Ireland had a typical situation faced by a family with irresponsible children that took excessive debt to pay for gambling losses at the Casino (or in its case to speculate in real estate). An obvious option to erase gambling debts was to default on the casino loans (in the case of the Irish real estate bubble the British and German banks). They could be charged with allowing bets that the gambler could not pay. One alternative would be to demand a debt restructuring involving partial debt forgiveness and a longer repayment period, so that with the help of family and friends (i. e. grants by national and EU institutions in the case of Irish borrowers) they could repay the remaining debt without damaging the credit of his family.
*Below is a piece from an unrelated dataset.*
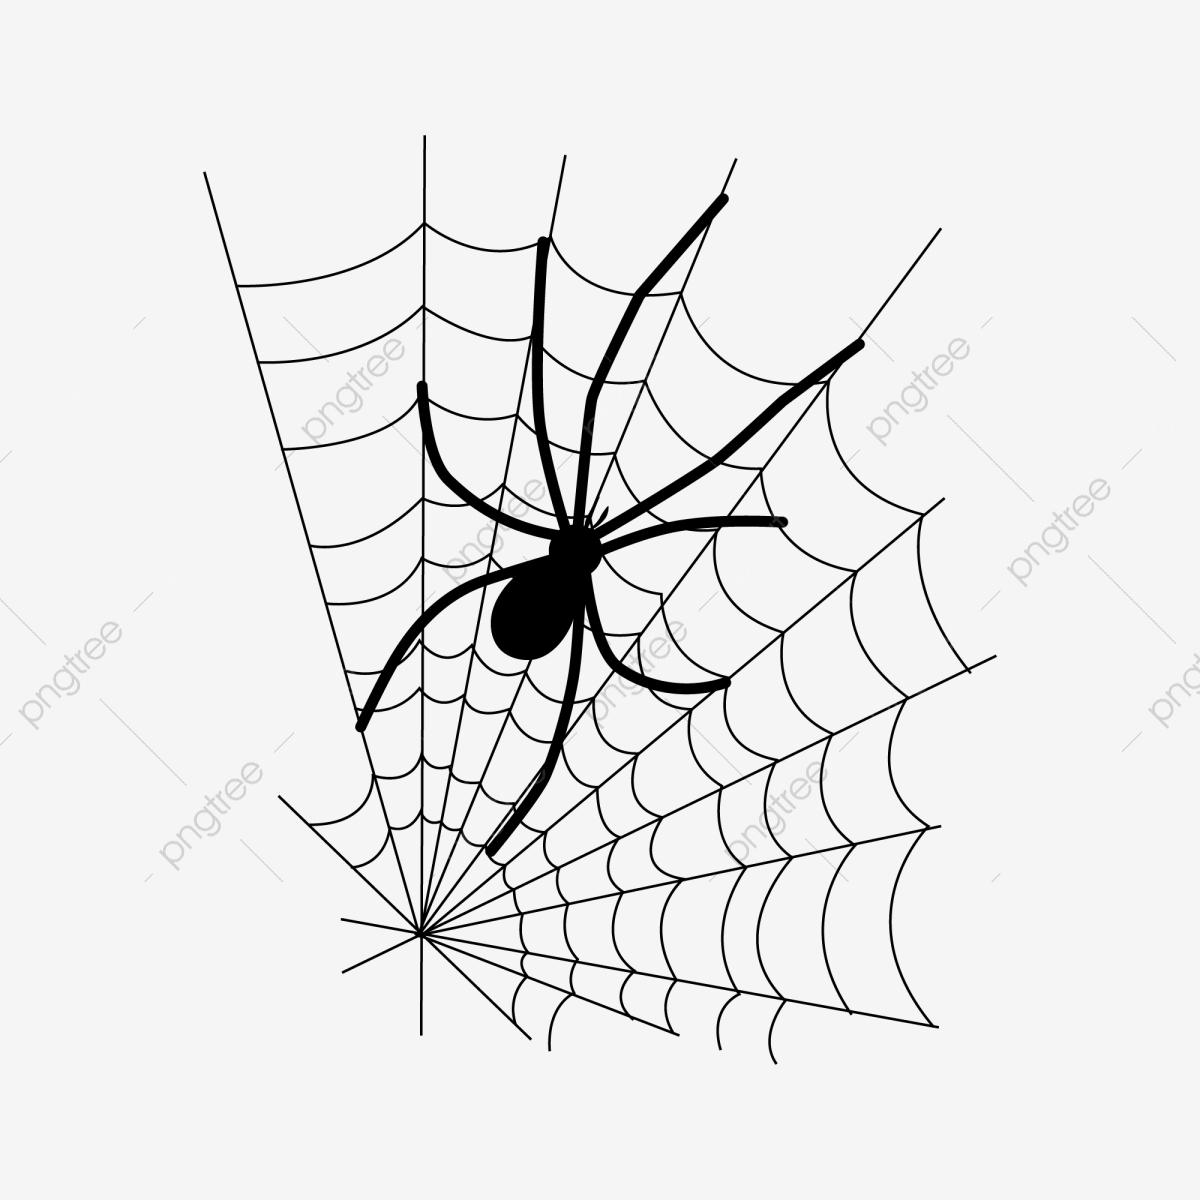 Хэллоуин пауки красивые картинки (19)

Another alternative would be to ask the casino to accept an IOU without a redemption date (in case of the British and German banks accept money printed by the ECB).

Yet, the casino owners decided instead to force the collection of their loans from the children’s parents (i.e.Irish government). To save its reputation the family promised to honor the debts by putting them in their business balance sheet (the state budget in the case of Ireland). However, the debts were so huge that they would necessarily cripple an otherwise successful business (economy). It is easy to see why.

First, such an increase in leverage would bar the firm from market financing. Second, it would be forced to halt all modernization and maintenance investments. Finally, it would force the family to downsize by selling some of the best assets. Combining these three measures would inevitably lead to a lower competitiveness, declining productivity and a depressed local economy. As expected, in the last four years, investment in Ireland more than halved in real terms, while domestic demand declined by about one third.

However, the recourse to internal devaluation only made things worse. Imagine that the clientele of the parents business was mostly local (i.e. produced non-tradable goods in economists’ parlance). Therefore, cutting the wage of their workers would reduce its sales proportionally and reduce further the firms’ debt capacity.

Moreover, reducing nominal contracts in the labor market without a concomitant reduction in credit markets would inevitably lead to an increase in non-performing loans (which in 2011 indeed rose from 12% to 20%).

It is obvious that the policy of switching the debt burden from the private to the public sector only made things worse in Ireland. What we said about Greece applies equally to Ireland. It has only three options: a) to force a significant hair-cut on its bond-holders, b) to receive a major grant from other EU countries, or c) a mix of both. None of these is a pleasant solution but there is no other way out.